La grossesse n'est pas... une maladie
La grossesse mérite une attention particulière. Elle n'est pas assimilée à une maladie. Certaines assurances ne garantissent que les complications imprévisibles médicalement constatées et excluent tout départ prévu après un certain stade de la grossesse. Il est donc dangereux de croire qu'un simple certificat indiquant que le voyage est déconseillé suffira.
La Cour de cassation a connu une affaire dans laquelle un voyage avait été annulé en raison de l'état de santé d'une femme enceinte. L'assurance liée à la carte bancaire comportait une définition très précise de la maladie garantie et une exclusion relative à la grossesse.
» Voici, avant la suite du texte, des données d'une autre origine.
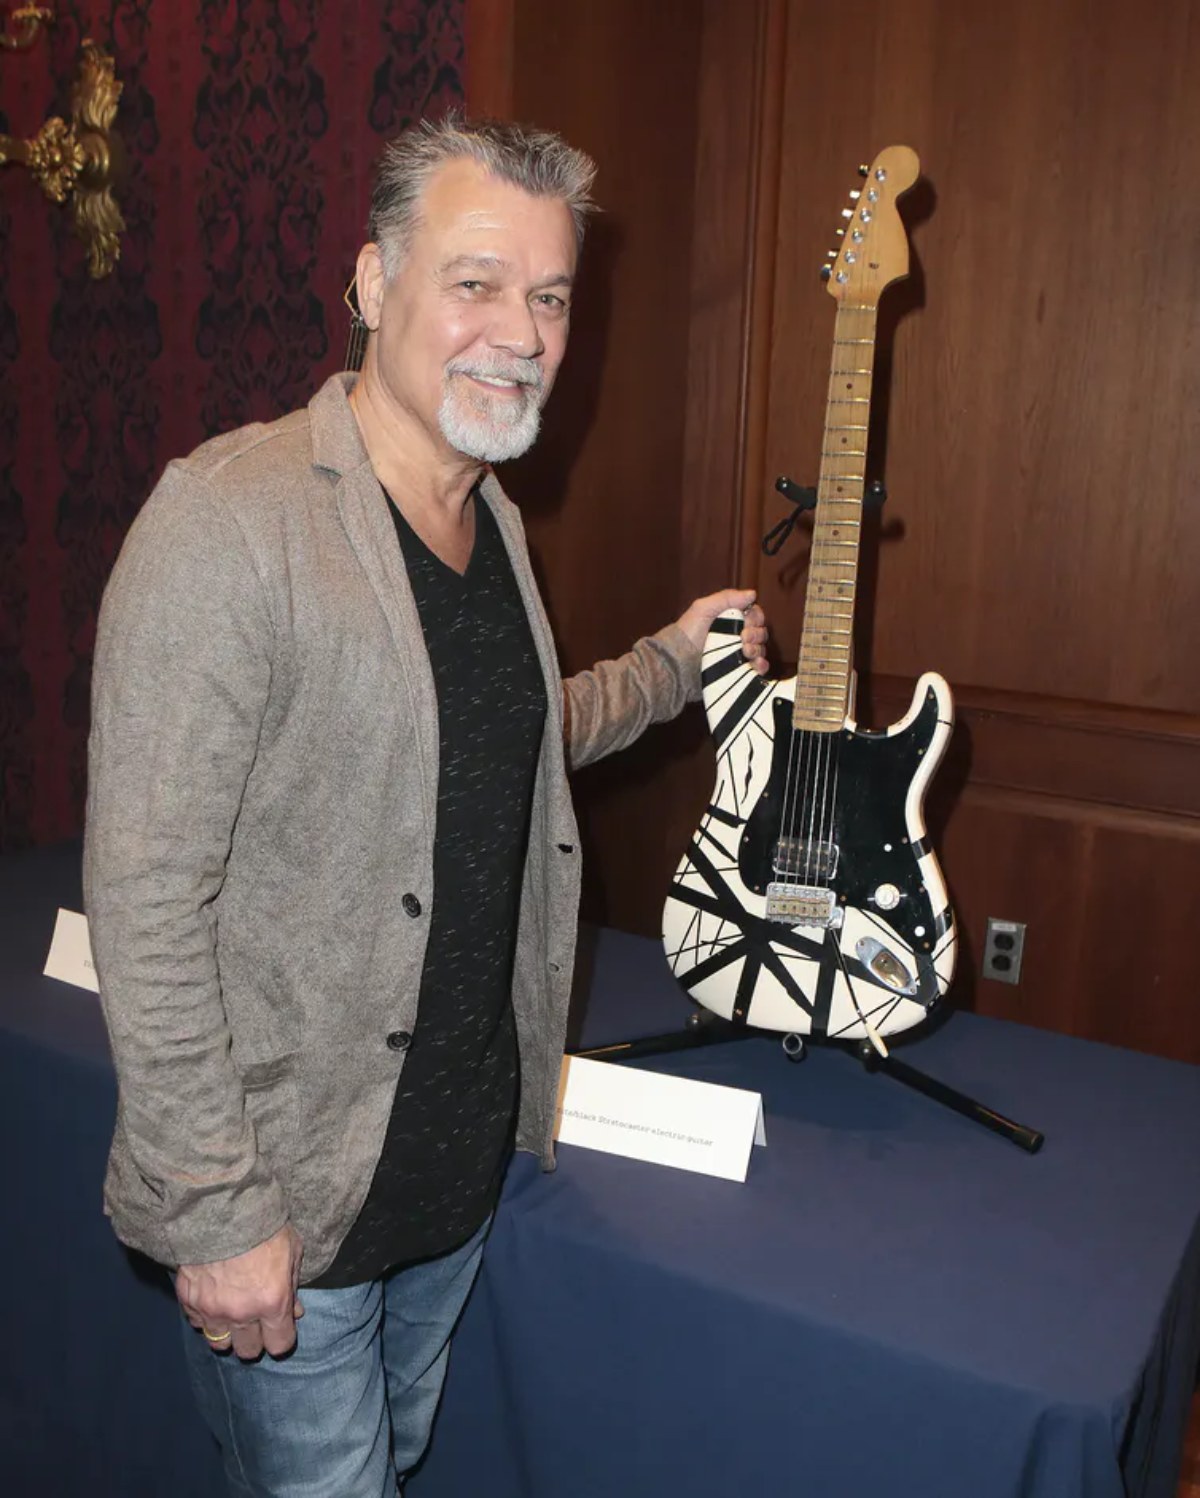 Van Halen poses with his "Frankenstein guitar" on display at the Smithsonian's National Museum of American History in 2015
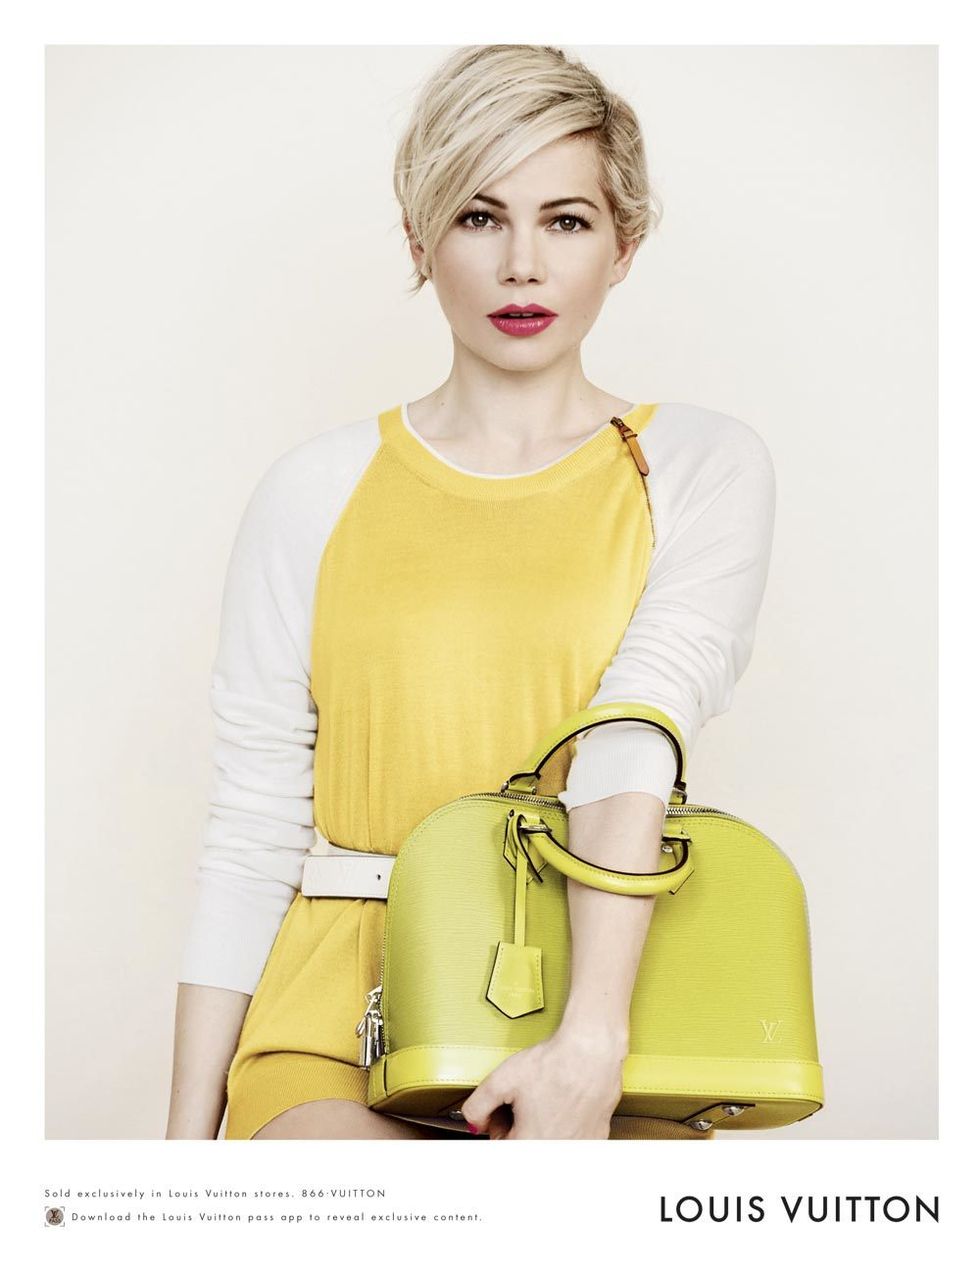 SHADES OF CAPUCINES WITH MICHELLE WILLIAMS - News

Dans son arrêt du 11 juin 2009, la 2e Chambre civile (pourvoi 08-17.538) a censuré la décision qui avait rejeté la demande sans rechercher si, en versant une première indemnité en connaissance des circonstances médicales, l'assureur n'avait pas renoncé à opposer certaines exceptions contractuelles. Cette décision montre que le comportement de l'assureur et le contenu exact des garanties doivent être examinés avec soin.
Le Code des assurances encadre les exclusions. Son article L. 113-1 exige qu'elles soient formelles et limitées. Une exclusion ne peut donc pas être rédigée en termes si vagues qu'elle obligerait l'assuré à deviner les situations réellement couvertes. L'article L. 112-4 exige en outre que les clauses prévoyant une nullité, une déchéance ou une exclusion soient mentionnées en caractères très apparents.
La 2e chambre civile de la Cour de cassation a encore rappelé, le 12 février 2026 qu'une clause d'exclusion n'est pas formelle lorsqu'elle ne repose pas sur des critères précis et nécessite une interprétation.
Même si cette décision ne concernait pas une assurance de voyage, elle confirme un principe général directement applicable à l'examen des contrats d'assurance annulation. En pratique, il faut prévenir immédiatement le voyagiste, la compagnie aérienne ou l'hôtel, puis déclarer le sinistre à l'assureur sans attendre.
Le voyageur devra conserver la confirmation de réservation, les conditions tarifaires, le contrat d'assurance, les justificatifs de paiement ainsi que les documents médicaux ou l'acte de décès. Le certificat médical doit être précis pour établir l'impossibilité réelle de voyager, sans pour autant contraindre le patient à révéler au professionnel des informations médicales qui ne lui sont pas nécessaires.
En clair, annuler ses vacances pour maladie, grossesse ou décès d'un proche ne garantit donc pas le remboursement. Trois vérifications doivent être effectuées : les conditions d'annulation du prestataire, les garanties exactes de l'assurance et les formalités imposées pour déclarer le sinistre.